--- Data excerpt Enclosed Below ---

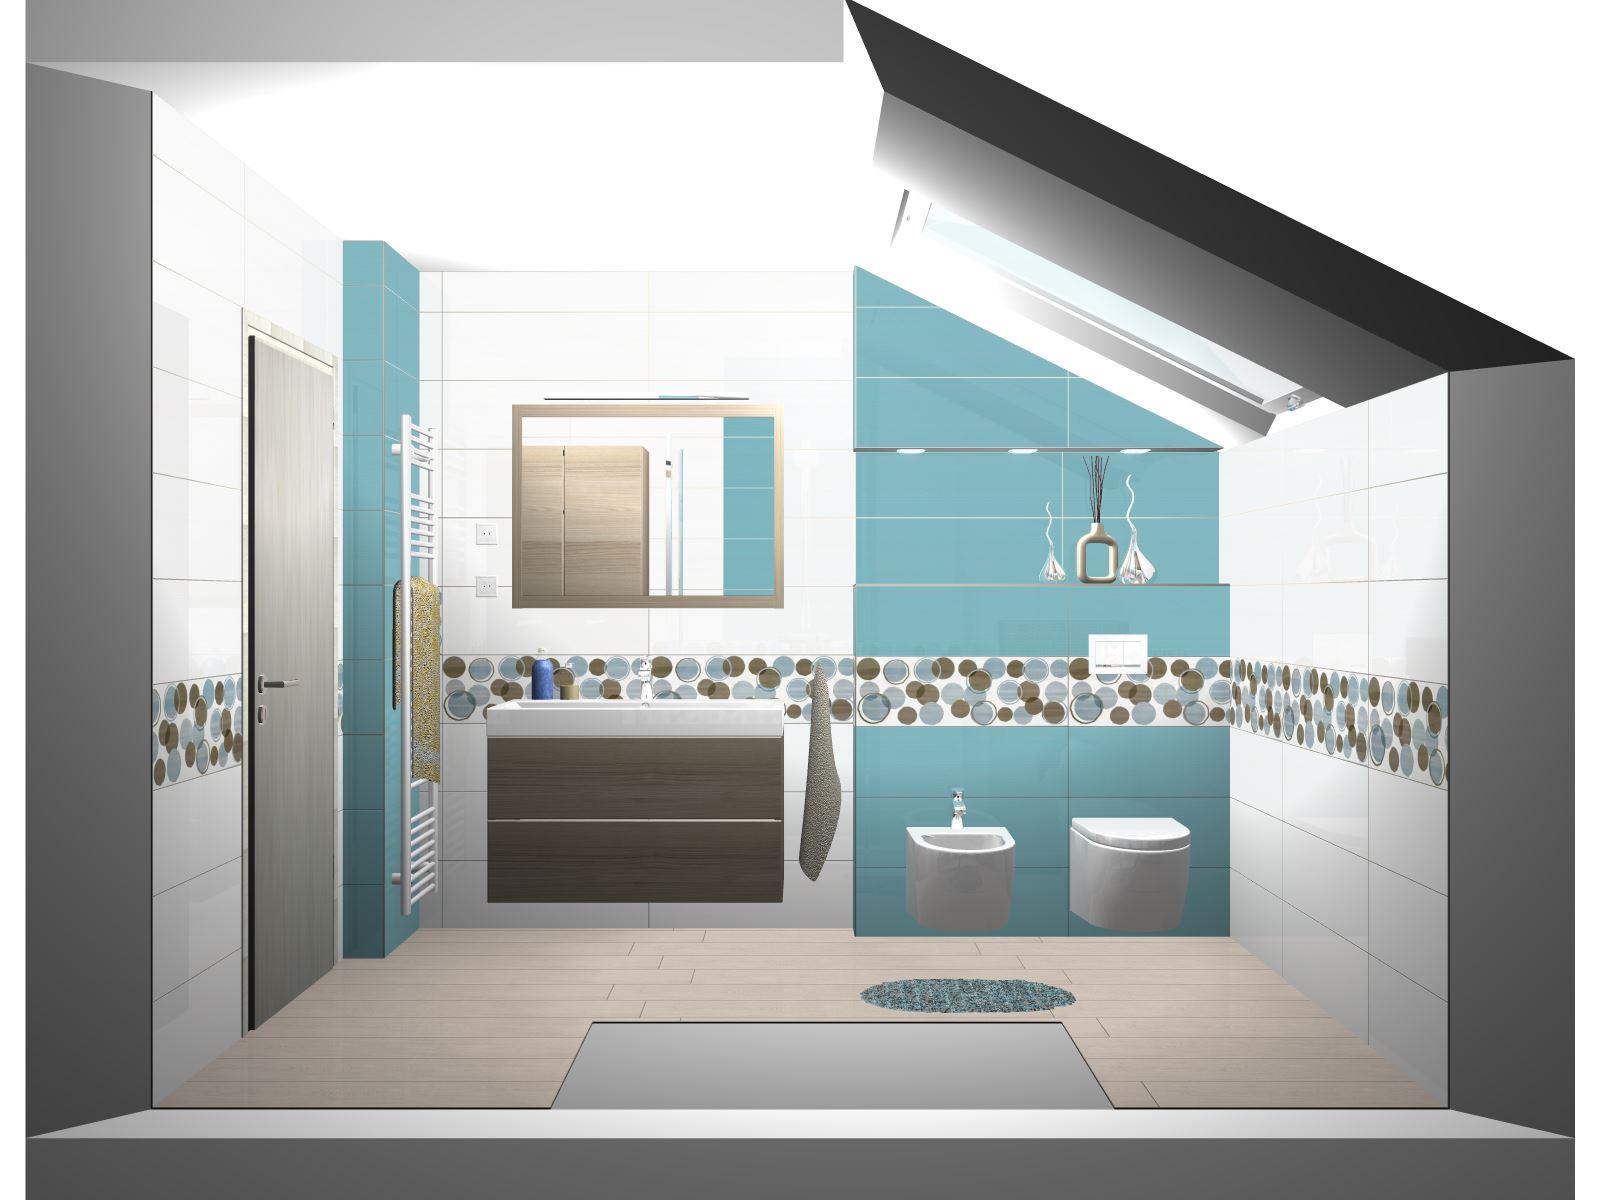 armonia tresor bathroom by pirman romana trgocev d o o on visoft360 portal. Black Bedroom Furniture Sets. Home Design Ideas
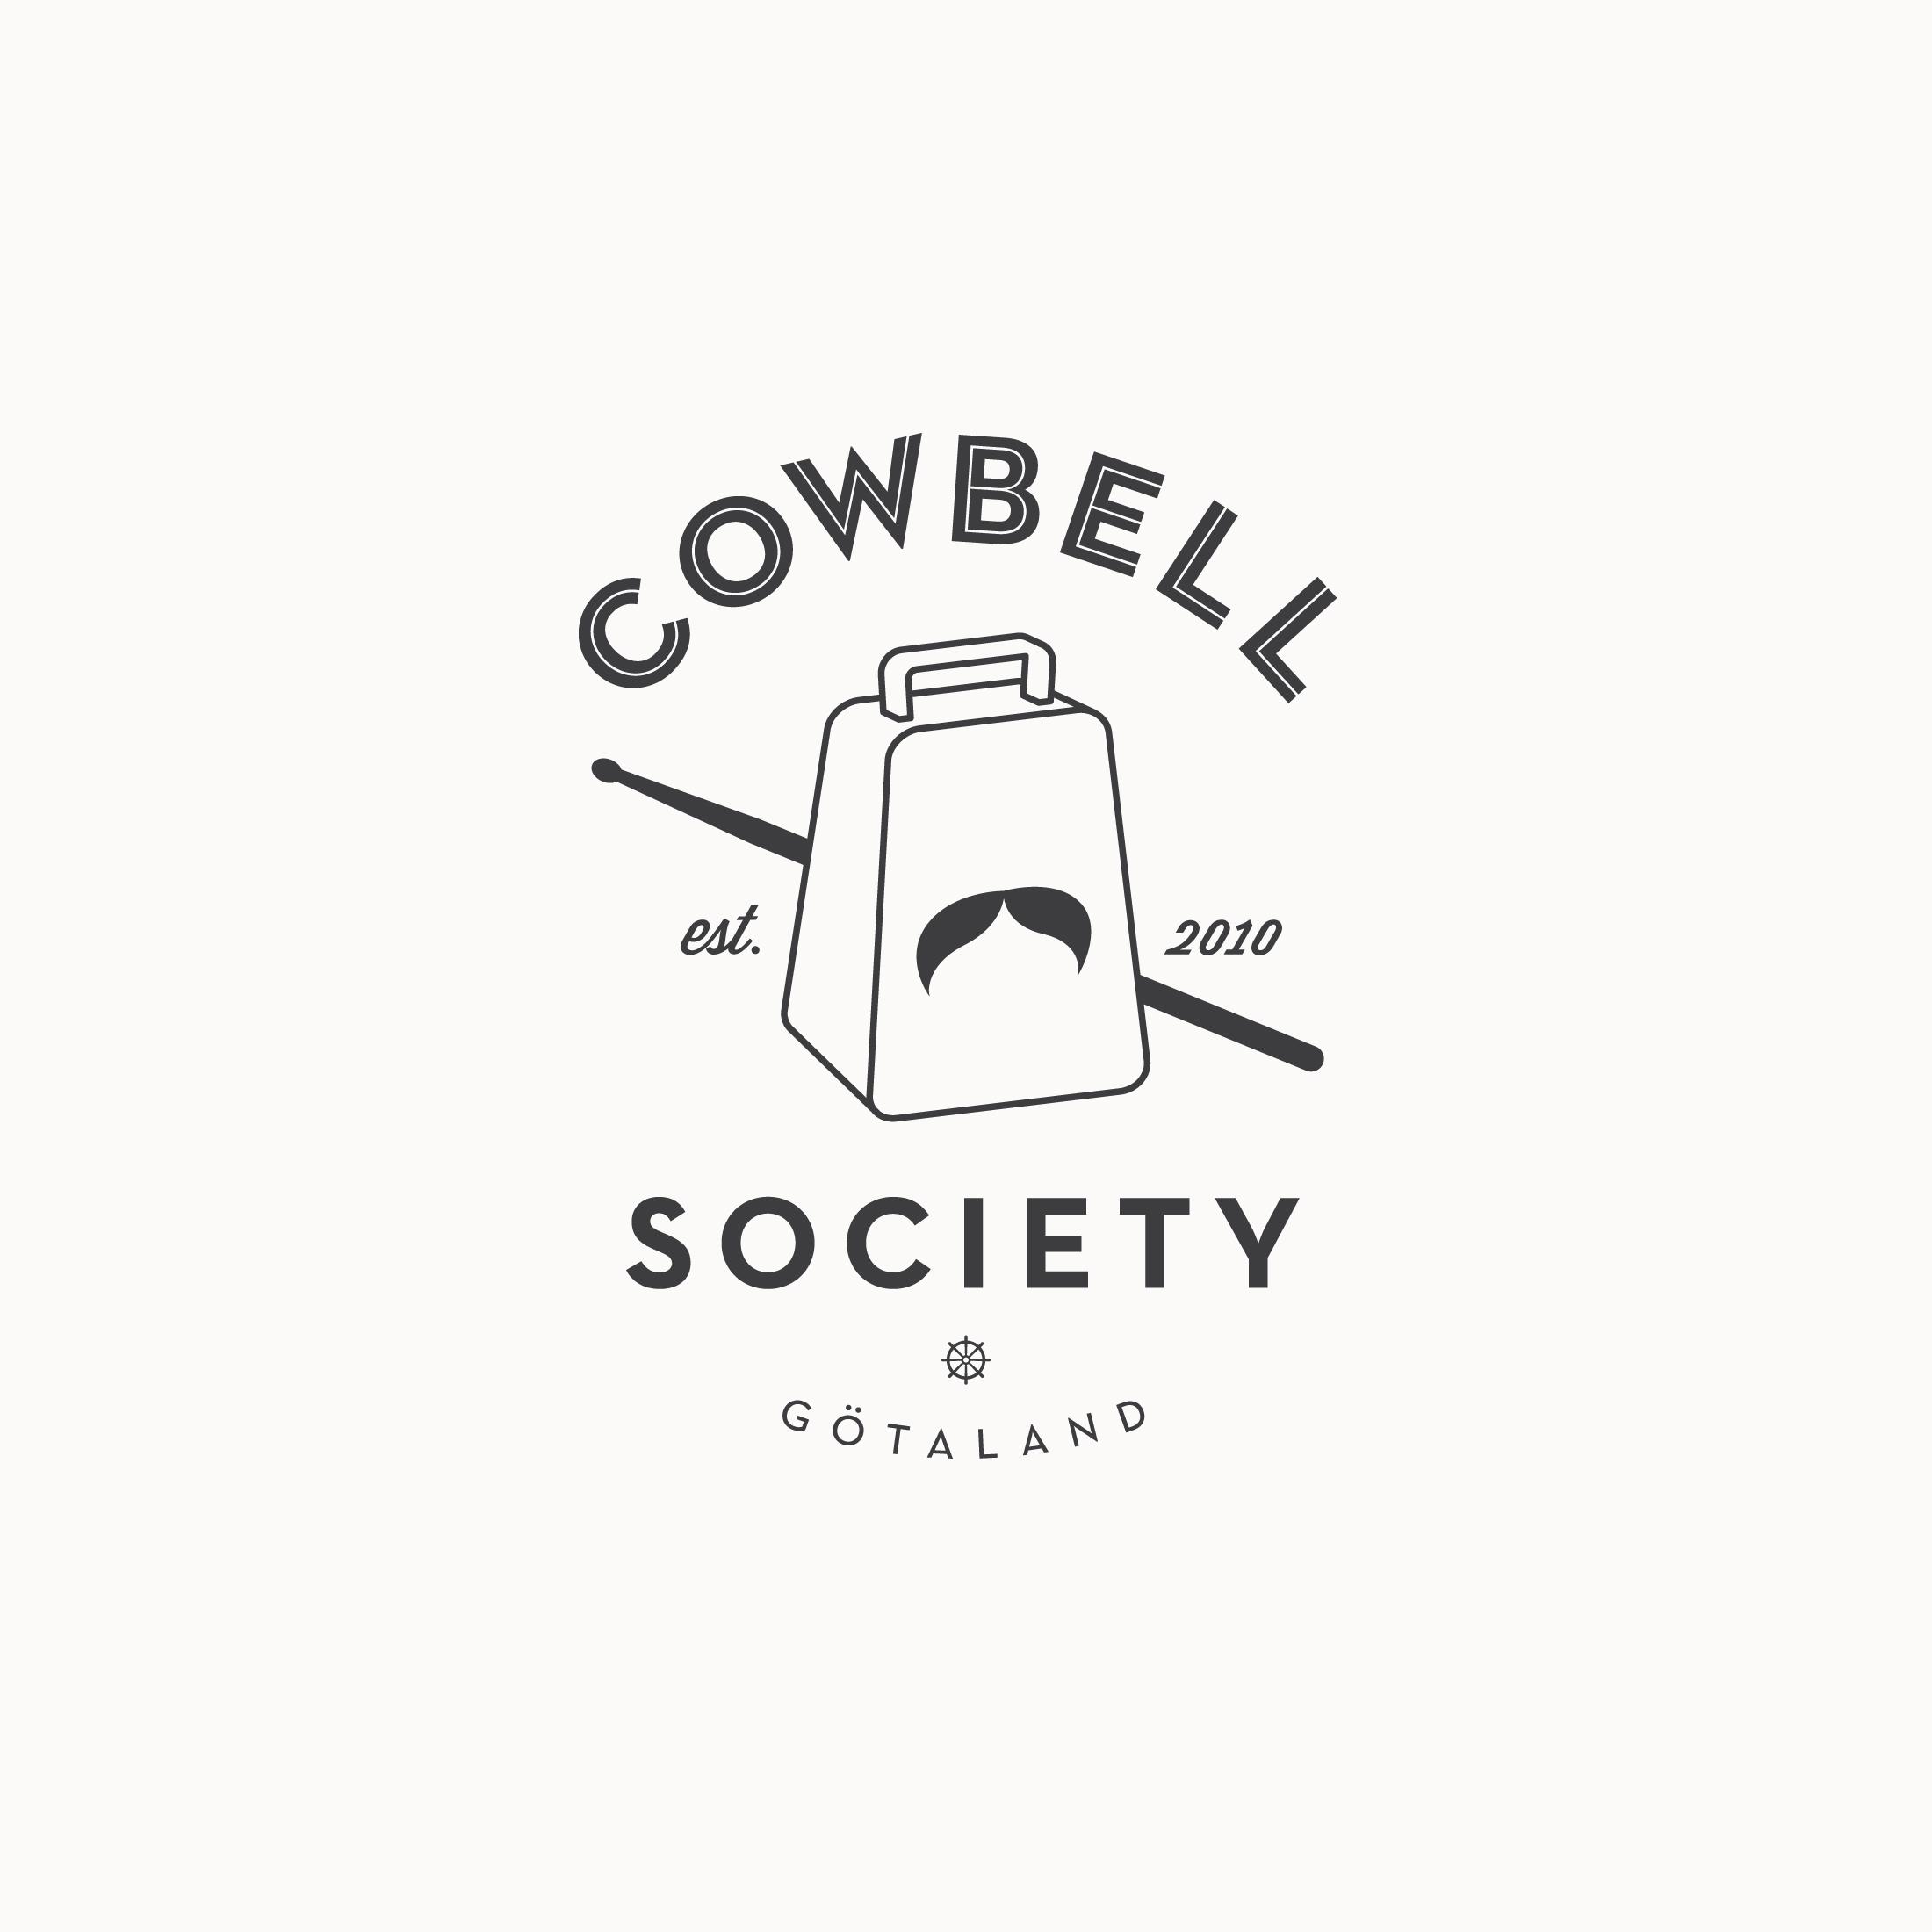 Cowbell Society
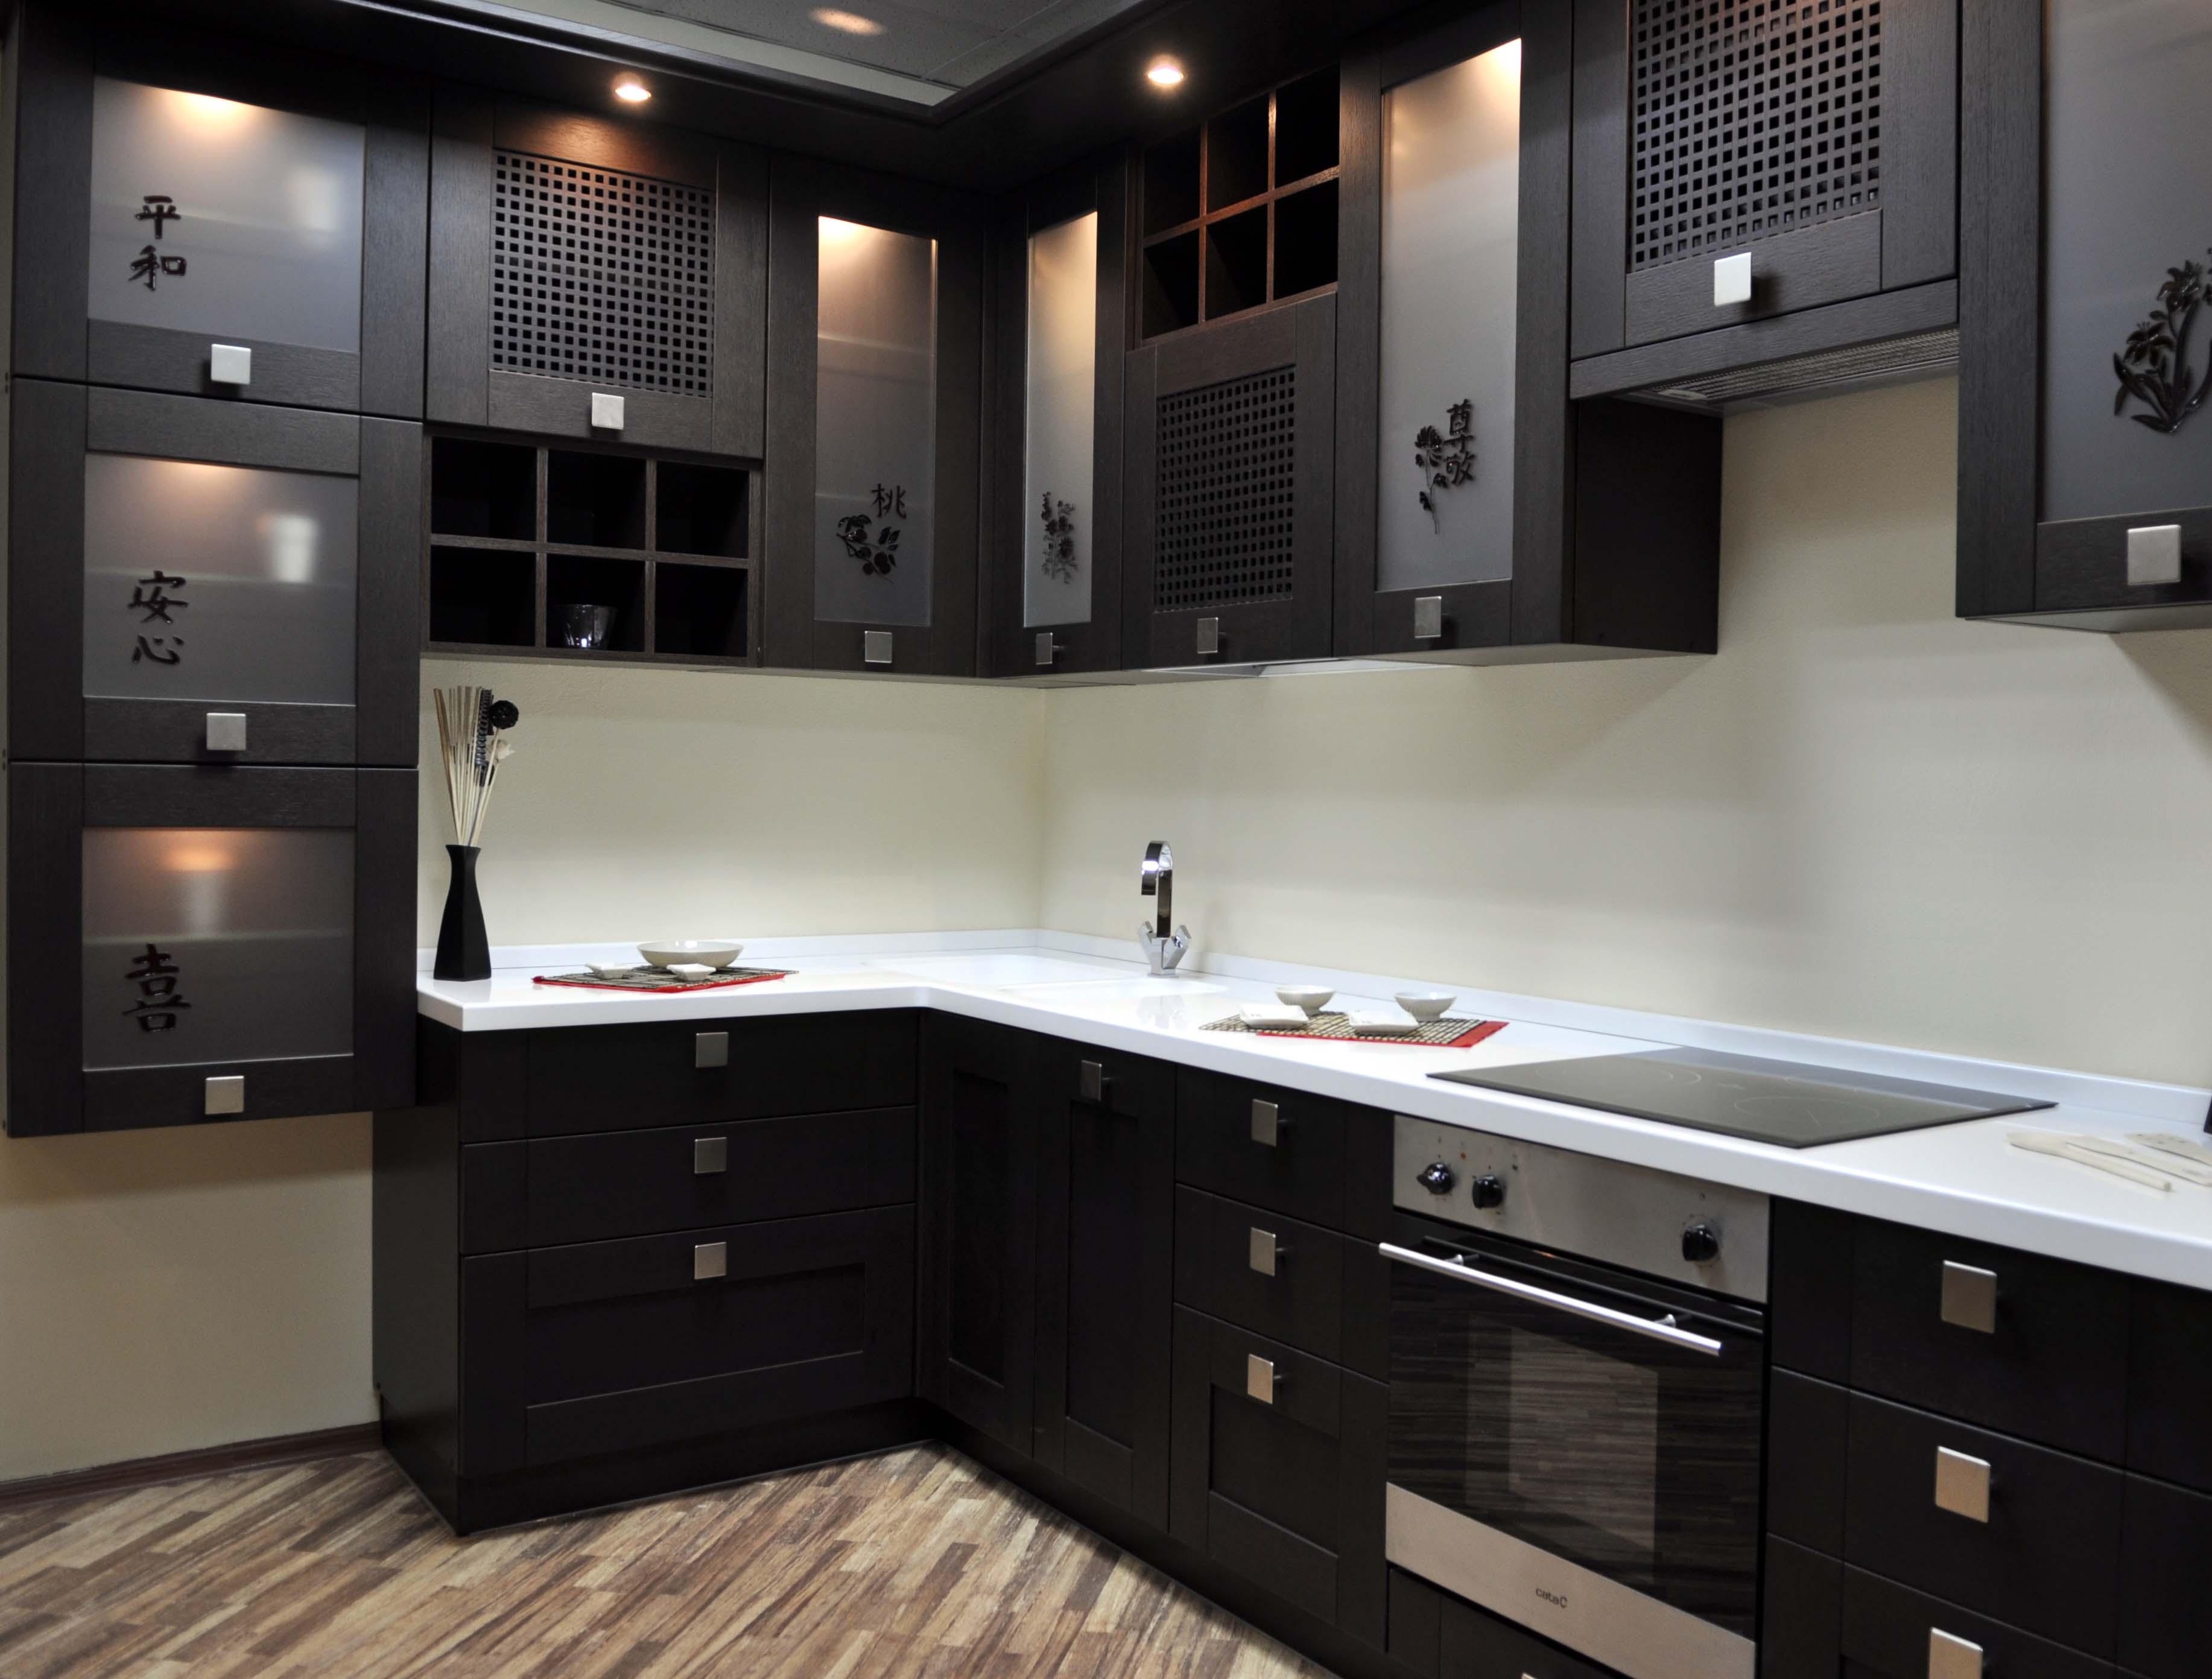 necessary_furniture_in_the_kitchen-04

--- End of Enclosed Data excerpt ---

## What you should do
For your answer, write out the data exactly and drop every picture.

## Answer box
 armonia tresor bathroom by pirman romana trgocev d o o on visoft360 portal. Black Bedroom Furniture Sets. Home Design Ideas
 Cowbell Society
 necessary_furniture_in_the_kitchen-04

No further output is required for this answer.